NEWBURY — They are old, heavy, fragile and usually speckled with gray-green lichens or algae. And they stand at all angles, like rows of crooked teeth — with more than a few gaps where the ancient gravestones have toppled flat to the ground.
Rachel Meyer and Josh Gerloff, both of Ipswich, run Epoch Preservation, a budding company working to straighten, repair and, in many cases, reset the heavy marble or slate gravestones in the Burying Ground across from the First Parish Church on High Road. The pair are working one or two days per week through September, and being paid through a $5,000 grant the church received from Newburyport Five Cents Savings Bank for the restoration project.
On Wednesday, as Gerloff shoveled dirt away from the sunken stone base into which the ancient stones were sometimes set, Meyer talked about the challenge of the project. There are hundreds of gravestones that could use attention, but they settled on one row that was a mix of 19th-century stones tilting at all angles and, in some cases, broken and flat on the ground.
The process involves picking the headstone off the ground or pulling it up and out of the ground, if it’s standing but crooked. The stone is gently sprayed with water and a solution that gradually removes algae and lichens over a period of weeks. Meyer said there is no abrasive scrubbing, power washing or use of caustic materials because the stones would be damaged.
Meyer and Gerloff use shovels and trowels to find the stone base or whatever materials might have been used to hold the stone upright. Sometimes they use special materials to bond broken pieces or to cement the headstone to the underground base. But with the old graveyards of New England — some graves in the First Parish Burying Grounds date to the 1600s — Meyer and Gerloff said they never know what they’ll find when they start digging.
Dedicated to preservation
Meyer takes the work seriously and believes the cities and towns where old graveyards are located should, too.
Her first restoration project involved a neglected, city-owned burial ground in Gloucester, where the underbrush was taking over, some stones were being used as fire pits and the area was littered with syringes.
“It was a wall of jungle going in there,” she recalled.
Once the area was cleared and some stones reset or repaired, city residents took an interest in the burying ground and are working to maintain it.
That community involvement is key, Meyer said, especially when an entity like the First Parish Church has the burden of paying for mowing, gravestone repairs and overall maintenance of a sprawling cemetery.
As she scanned the Burying Ground on Wednesday, Meyer asked, “How do we have historic houses dedicated to these people and we can’t even take care of their gravestones?”
The burden of caring for the cemetery prompted church members to approach town officials in April with a proposal to give the Burying Grounds to the town. In a letter to selectmen, parishioner Karen Wakefield said the church would continue raising money and providing resources to restore gravestones and repair fences, but the town would own the graveyard and handle mowing, which cost the church $3,000 last season.

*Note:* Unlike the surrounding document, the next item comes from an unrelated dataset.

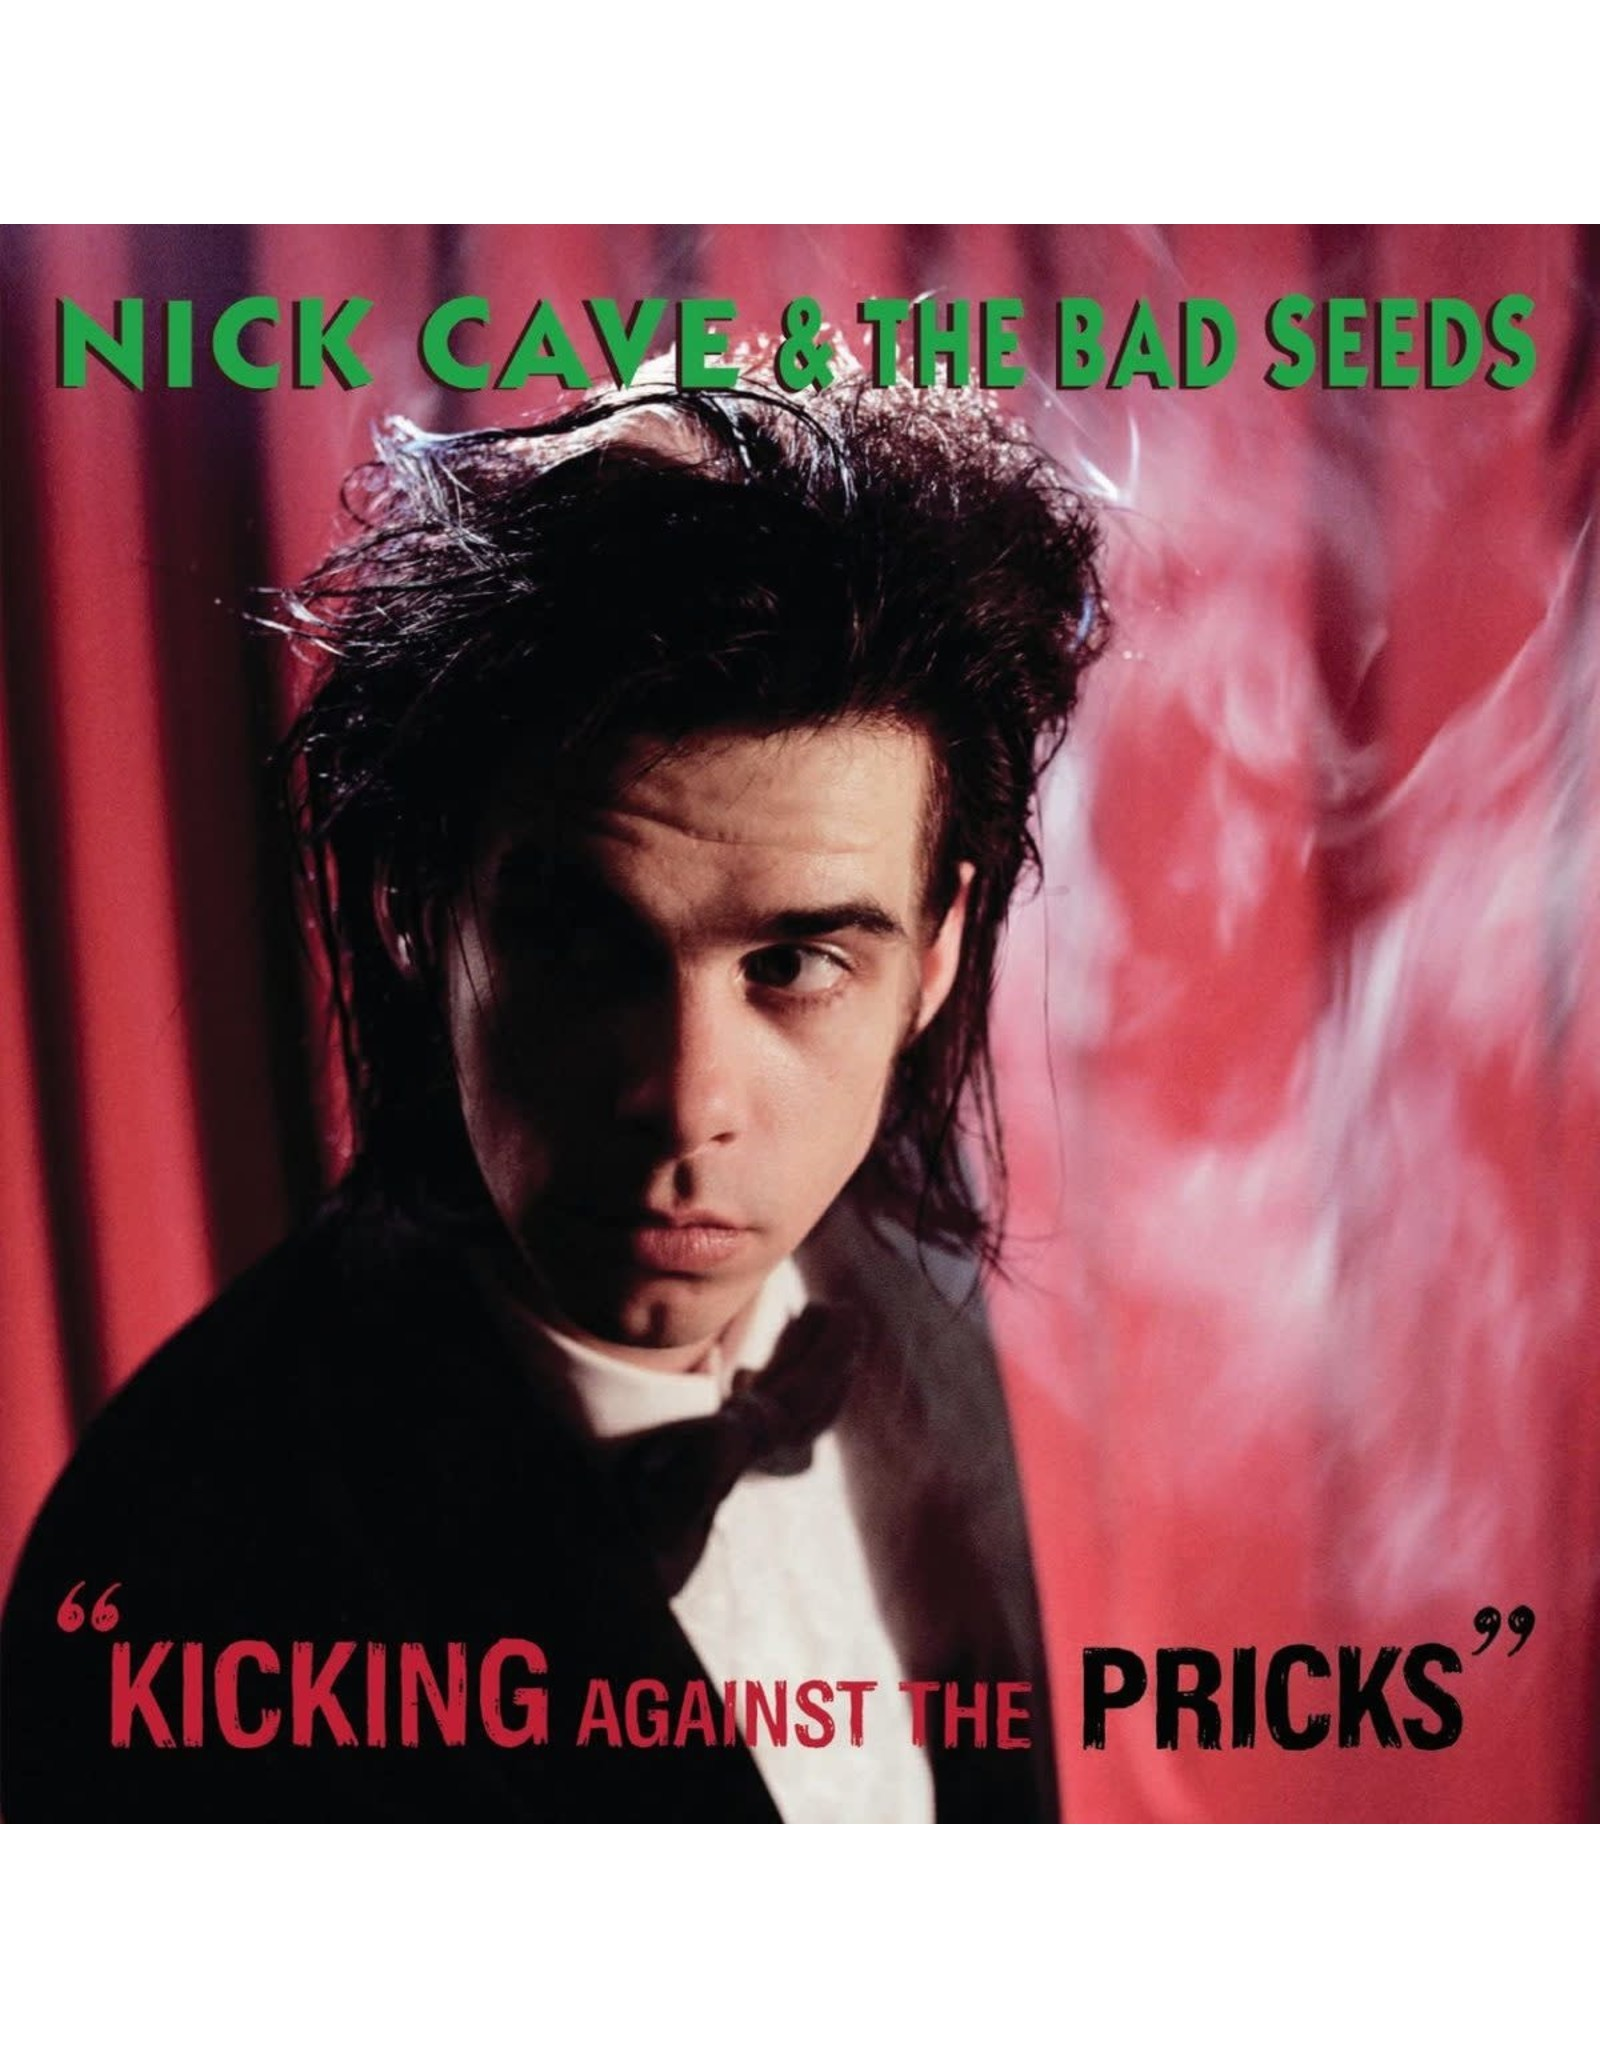 Cave, Nick - Kicking Against the Pricks LP

Although board members agreed the old cemetery is important in Newbury’s history, they were not willing to accept ownership — and a continuing financial obligation — for the property.
Call for community involvement
On Wednesday, Gerloff said that, ideally, a city or town would take over old burial grounds and work with the church and interested volunteers for ongoing gravestone repairs and lawn care, while the municipality could help apply for and secure grants for restoration work.
Meyer pointed out that, although the Burying Grounds are in Newbury about 100 yards from the border with Newburyport, it contains the graves of former residents of both communities.
“The town and the city should really see that these are their people. Morally and ancestrally we should all be caring about this burying ground,” she said.
Wakefield said there are four cemetery committee members, but the church is looking for other people — from in or outside the church — to become involved.
“We’d like to get participation from the greater community, since the burying grounds are certainly a vital part of the history of the entire Newburyport area,” she said. “We need to be able to get a long-term plan of how to proceed and to get a variety of activities going on — involving the community, applying for grants, and different ways to raise funds. We need a strategic plan.”
She said the church recently determined the Burying Grounds include more land than First Parish officials thought. That means mowing and maintenance this year could be closer to $3,500.
“This is a major expenditure for our small congregation and we’re constantly looking for ways to pay for it,” she said in an email.
Wakefield encouraged anyone interested in being on the committee to contact her at 978-764-7884.